Wilfredo Gómez vs. Carlos Zárate
- Date: October 28, 1978
- Venue: Roberto Clemente Coliseum, San Juan, Puerto Rico
- Title(s) on the line: WBC super bantamweight title

Tale of the tape
- Boxer: Wilfredo Gómez / Carlos Zárate
- Nickname: Bazooka / Canas
- Hometown: San Juan, Puerto Rico / Tepito, Mexico
- Pre-fight record: 21–0–1 (21 KO) / 52–0–0 (51 KO)
- Height: 5 ft 5+1⁄2 in (166 cm) / 5 ft 8 in (173 cm)
- Weight: 122 lb (55.3 kg) / 122 lb (55.3 kg)
- Style: Orthodox / Orthodox
- Recognition: WBC super bantamweight champion / WBC bantamweight champion

Result
- Gómez defeated Zárate via TKO in the fifth round

= Wilfredo Gómez vs. Carlos Zárate =

1978 WBC Super bantamweight world championship boxing fight

Wilfredo Gómez vs. Carlos Zárate was a professional boxing match contested between WBC super bantamweight champion Wilfredo Gómez and WBC bantamweight champion Carlos Zárate, with Gómez' super bantamweight title on the line.

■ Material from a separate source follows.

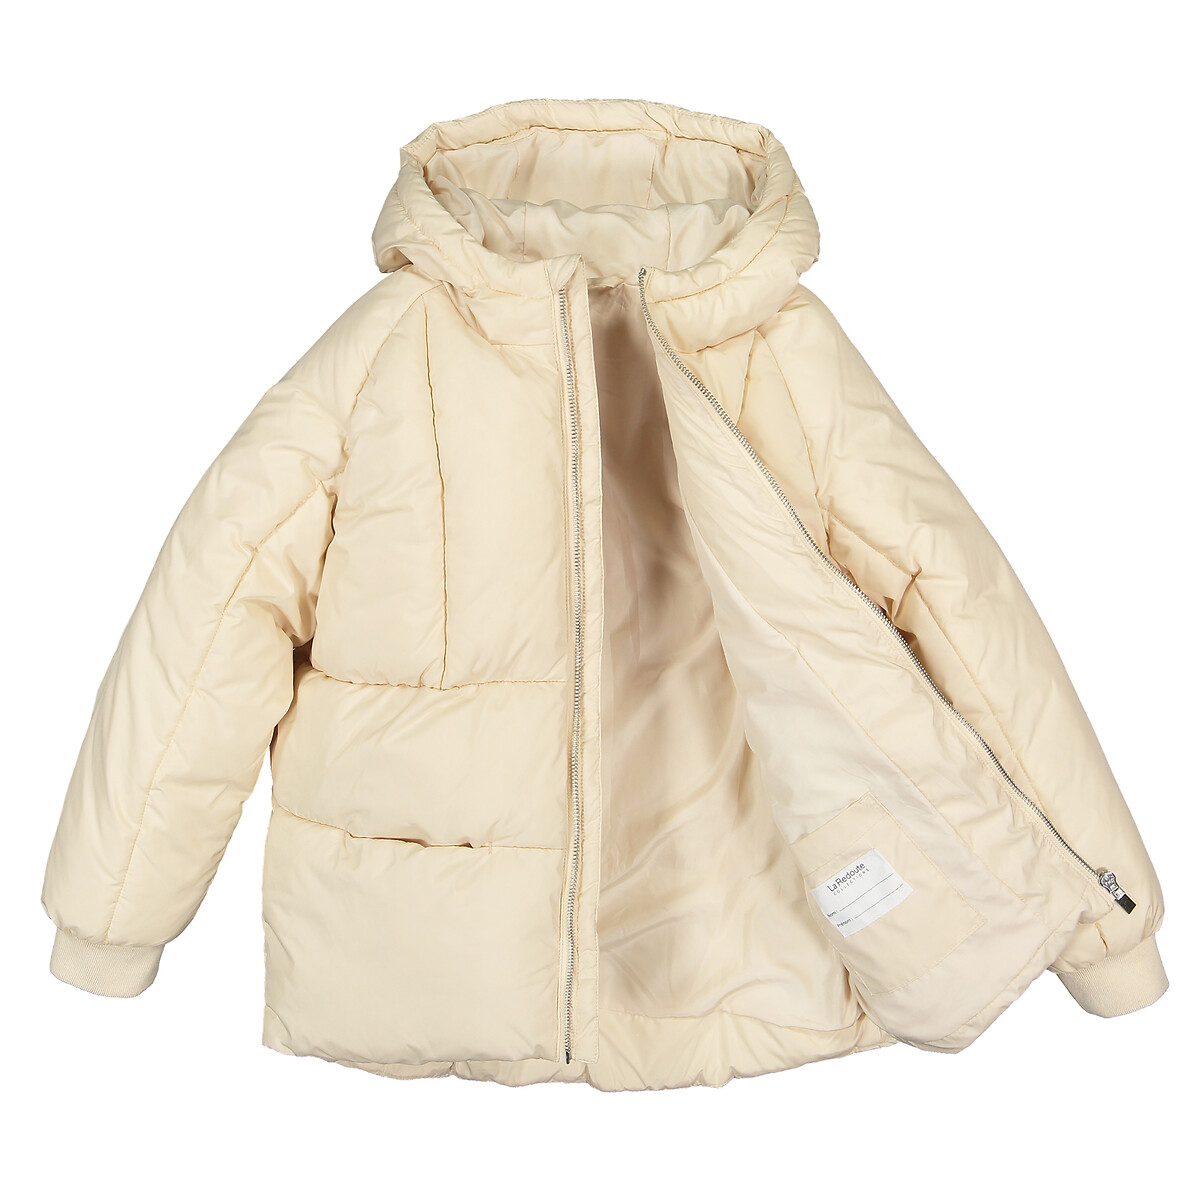 Куртка LaRedoute Стеганая с капюшоном теплая и пышная 3-14 лет 5 лет - 108 см бежевый, размер 5 лет - 108 см - фото 4

The bout took place on October 28, 1978, at the Roberto Clemente Coliseum in San Juan, Puerto Rico. Gómez retained his title via fifth-round technical knockout (TKO). Many experts credit this fight as the beginning of the Mexico–Puerto Rico boxing rivalry.

==Background==
The first world title fight involving a Puerto Rican and a Mexican involved Rodolfo Casanova of Mexico (29-3, 23 knockout wins coming in) and Sixto Escobar of Barceloneta, Puerto Rico (21-8-2, 7 knockouts coming in). This bout took place on June 26, 1934, at the Forum in Montreal, Canada and it was for the Montreal Athletic Commission's vacant version of the world's Bantamweight title. Escobar won the fight by ninth round knockout and thus he became Puerto Rico's first world boxing champion, being the object of a large welcoming at the San Juan seaport days later. Escobar later unified the world Bantamweight title with a win over Tony Marino.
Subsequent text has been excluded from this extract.